Charlie Blakey had a sense he was sleeping poorly since he often would wake up tired and hear from his wife how loudly he breathed during the night.

So he jumped at the chance when his employer, Southern Co., an Atlanta-based electric utility, offered to test him in 2018 for sleep apnea, a potentially serious disorder in which people repeatedly stop breathing while asleep.

After he tested positive, the utility arranged for him to have a machine that provides continuous airflow through a mask while he sleeps — at no cost to him. Within weeks, Blakey, of Augusta, Georgia, noticed a difference.

“Without a doubt, it’s helped me feel more refreshed when I get up,” said Blakey, 38, a safety and health specialist at the company.

About 4,000 of Southern’s 30,000 employees have been screened for sleep apnea in the past three years, and 1,500 are being treated. Southern officials said the program is saving money on health costs — $1.2 million in 2018 alone — because it reduces medical services for dangerous conditions such as heart disease that are complicated by sleep apnea.

Sleep is the latest in an ever-growing list of wellness issues — such as weight loss, exercise and nutrition — that firms are targeting to improve workers’ health and lower medical costs.

Whether all these sleep programs deliver on their promises is not yet clear. A study published last year in the Journal of the American Medical Association followed nearly 33,000 employees of BJ’s Wholesale Club for 18 months and found the wellness program did not lead to significant reductions in health spending.

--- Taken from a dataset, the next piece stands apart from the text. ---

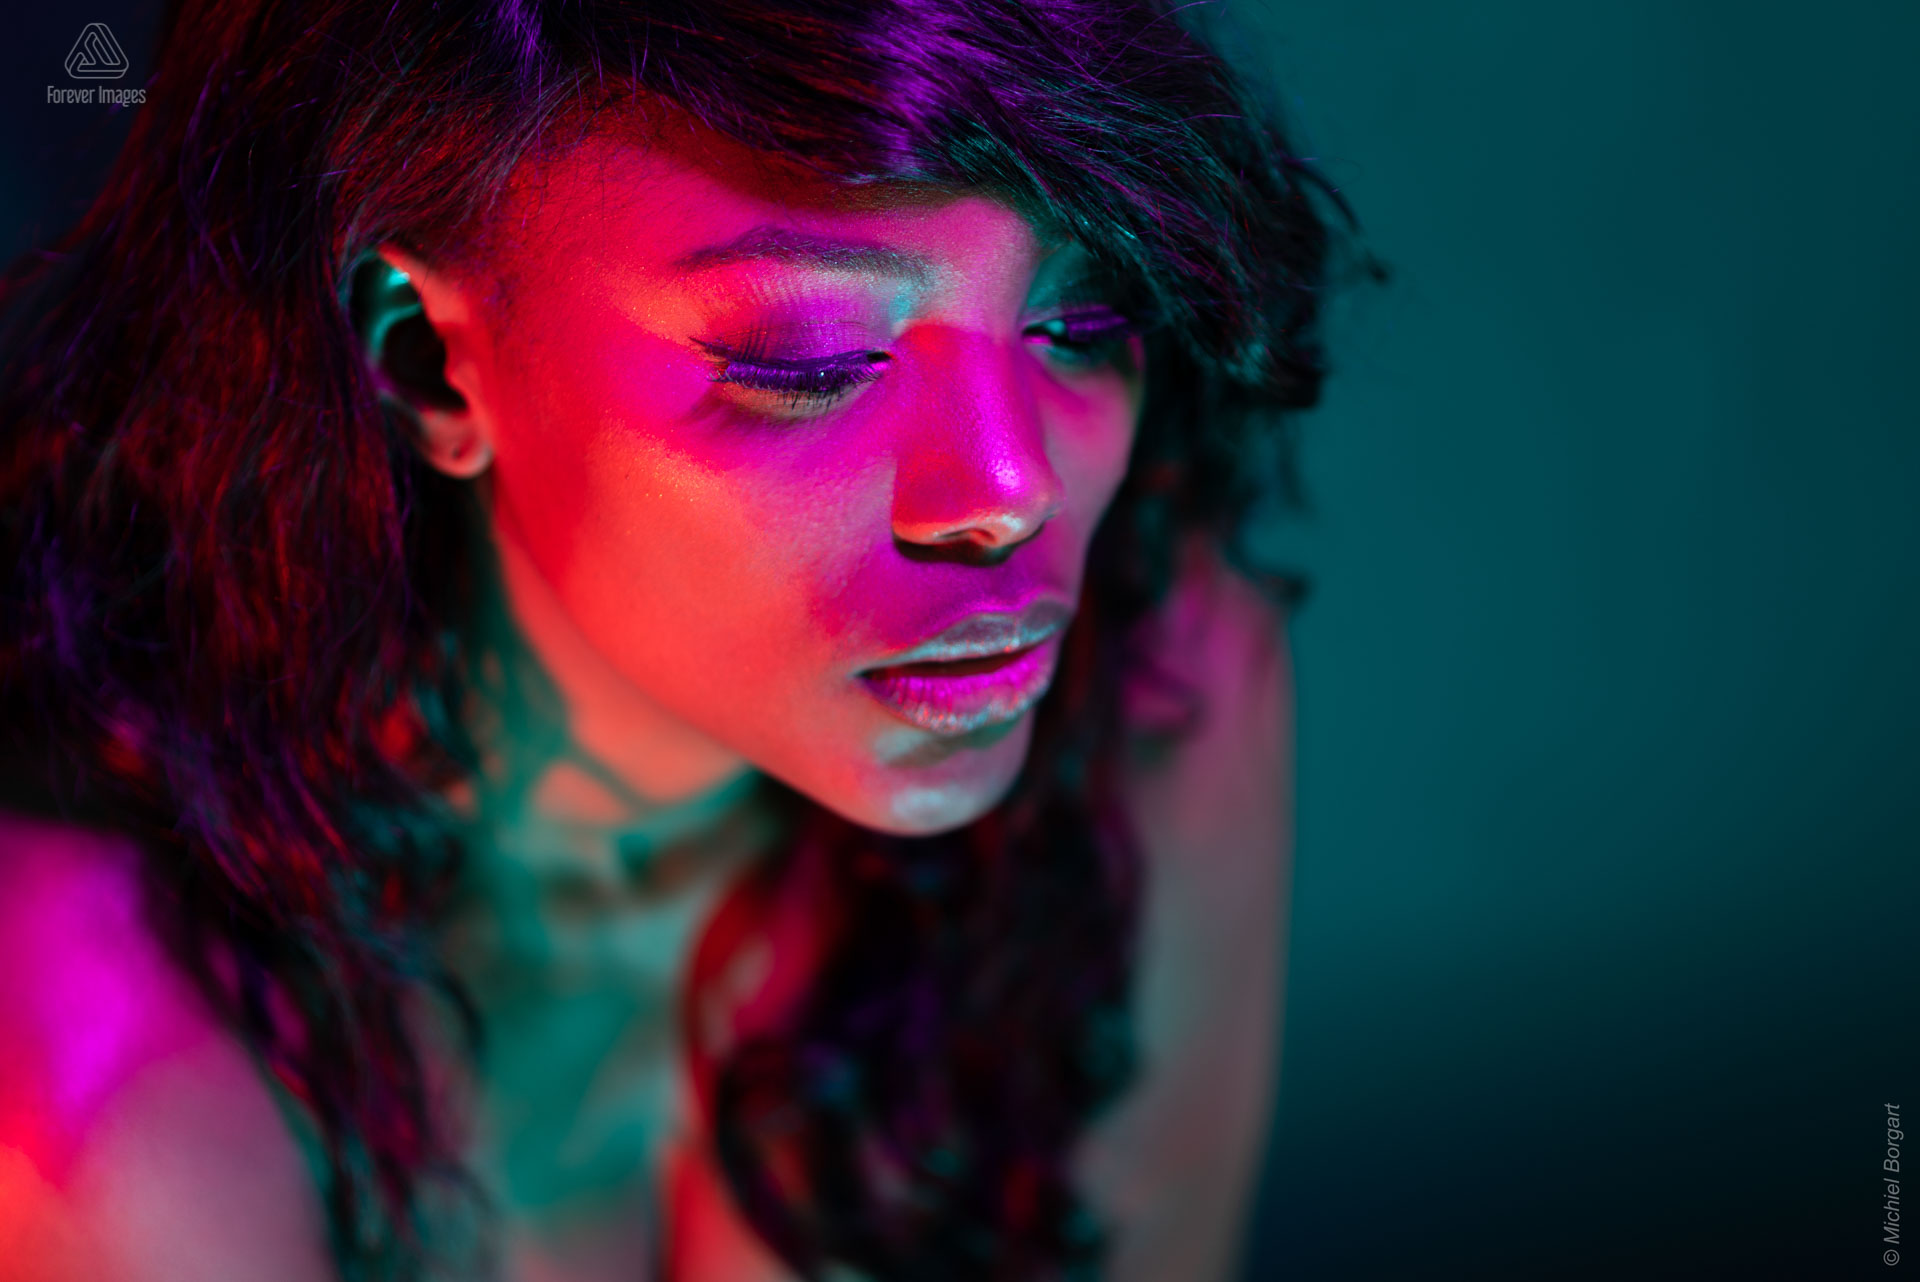 Portretfoto model paars rood groen licht boven beneden kijken low key | Mariana Pietersz Miss Avantgarde | Portretfotograaf Michiel Borgart - Forever Images.

Harry Liu, a researcher at the Rand Corp. who studies job-based wellness initiatives, said that while studies show “improving sleeping habits can reduce absenteeism and improve productivity,” it’s uncertain if employers’ efforts will have long-term effects for individual workers.

A study published by researchers at the University of Minnesota, Harvard Medical School and other institutions in October found that 1,200 commercial truck drivers who participated in an employer sleep apnea screening and treatment program saved an average of $441 per month in health costs compared with drivers who were not treated. An earlier study of members of a health plan serving Union Pacific employees also found overall health savings among workers who were diagnosed with sleep apnea and got treatment.

About 1 in 4 large employers offer programs to help workers get better sleep and more than half plan to implement such efforts by 2021, according to a 2019 survey by benefits firm Willis Towers Watson. Most businesses hire contractors to manage the programs.

Benefits officials say promoting a good night’s sleep for employees is as important as making sure their blood sugar and cholesterol are under control.

Despite the public’s concerns about privacy, employers say workers have been eager to reveal information about how they sleep to company vendors. To protect employees’ medical privacy, the data on individual workers does not go to their bosses; companies receive only aggregated data to measure program spending and effectiveness.

Katie Kirkland, director of benefits at Southern, said a lack of sleep may promote an unhealthy lifestyle of not exercising or eating a poor diet.

In addition to reducing medical costs, the company was motivated to offer its program because state transportation department rules require that some employees who operate heavy equipment and have certain health conditions be tested for sleep apnea and get treated if diagnosed.

With a diagnosis of apnea, a patient is typically prescribed a continuous positive airway pressure (CPAP) machine. But Kirkland said many workers needed help sustaining treatment because of difficulties in learning to sleep with a mask.

“With sleep apnea, there is a high drop-off rate, where you pay a lot for the equipment and then it doesn’t get used,” she said. “We found it’s a much better experience with the personal coaching.”

When the company took on the issue, it made sense to offer the help to its entire labor force, Kirkland added.

Beyond sleep apnea, some employers also help workers with insomnia.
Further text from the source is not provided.